◆ **Records to use**

--- START ---

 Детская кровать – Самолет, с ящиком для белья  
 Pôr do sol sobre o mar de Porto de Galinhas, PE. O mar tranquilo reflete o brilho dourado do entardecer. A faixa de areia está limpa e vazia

--- END ---
--- START ---

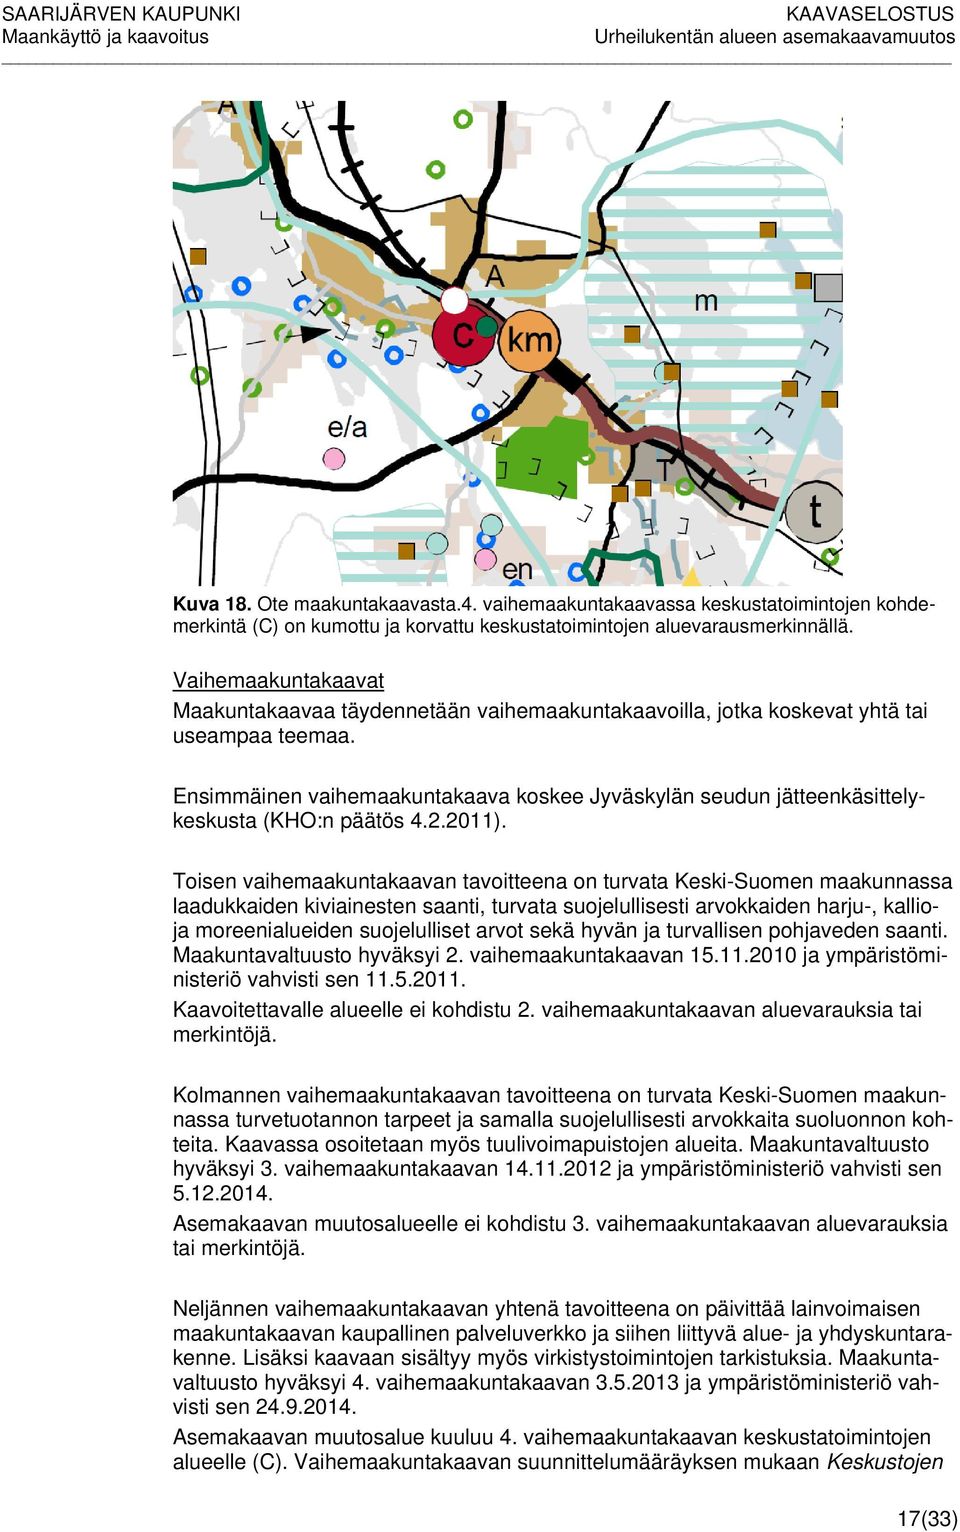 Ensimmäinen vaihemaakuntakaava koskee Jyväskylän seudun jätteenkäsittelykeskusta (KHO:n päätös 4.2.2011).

--- END ---
--- START ---

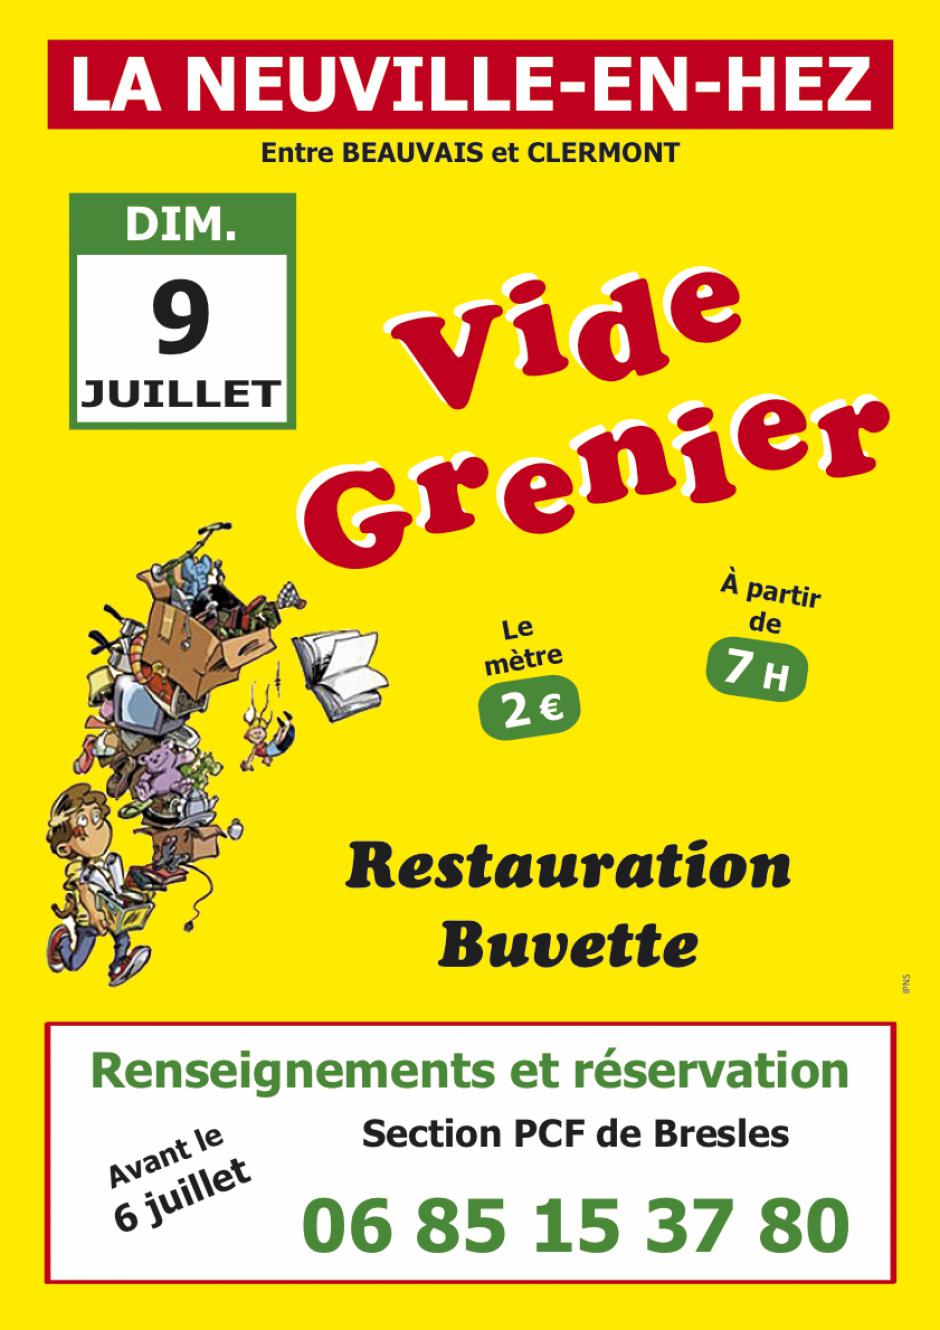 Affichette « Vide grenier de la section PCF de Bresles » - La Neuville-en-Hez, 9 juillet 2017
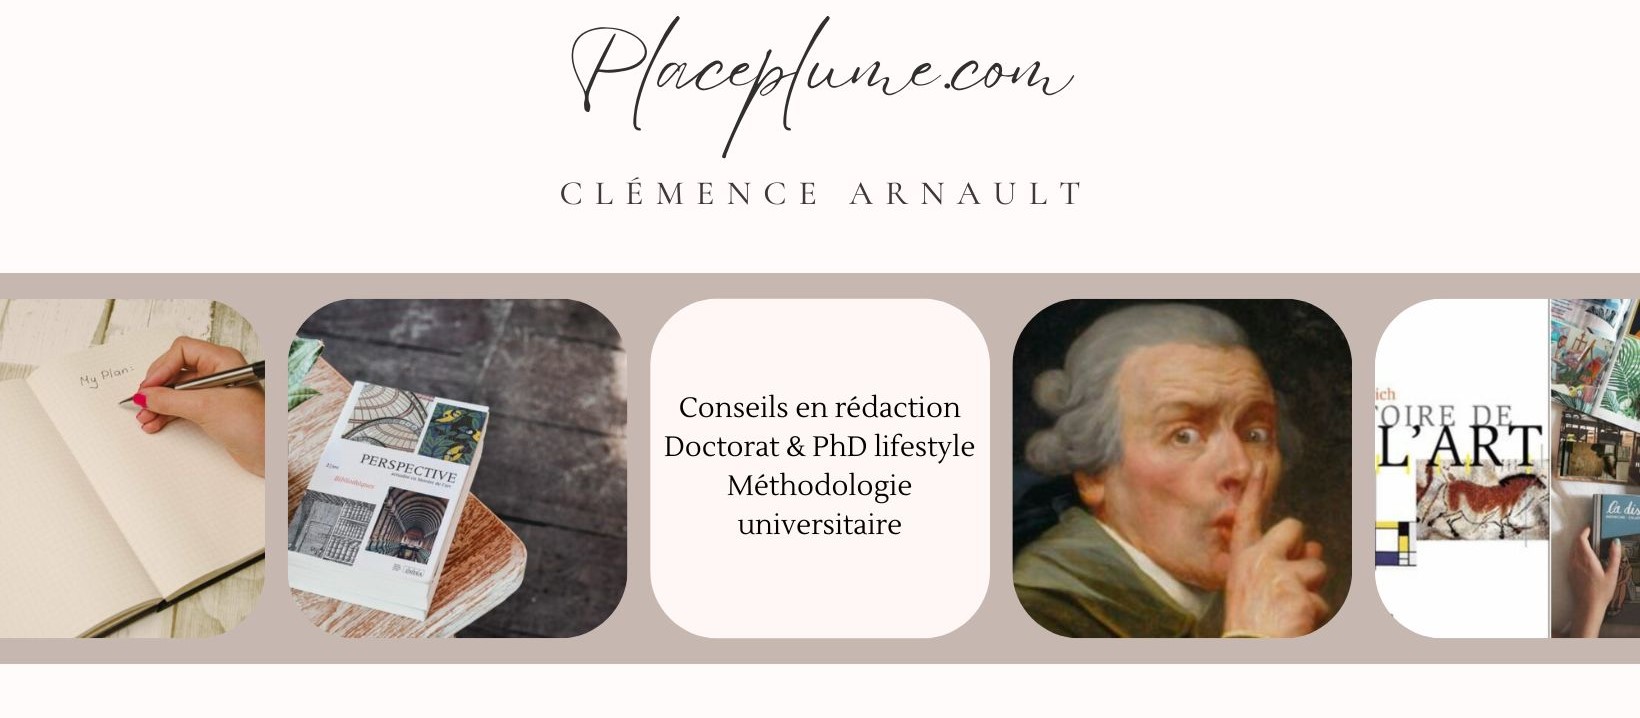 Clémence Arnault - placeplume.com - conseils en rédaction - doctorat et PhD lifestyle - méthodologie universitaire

--- END ---

◆ **What is being asked**
Please return the lines above that run from the line containing "Детская кровать –" to the line containing "Pôr do sol sobre", inclusive, exactly and with no other lines.

◆ **Solution below**
 Детская кровать – Самолет, с ящиком для белья  
 Pôr do sol sobre o mar de Porto de Galinhas, PE. O mar tranquilo reflete o brilho dourado do entardecer. A faixa de areia está limpa e vazia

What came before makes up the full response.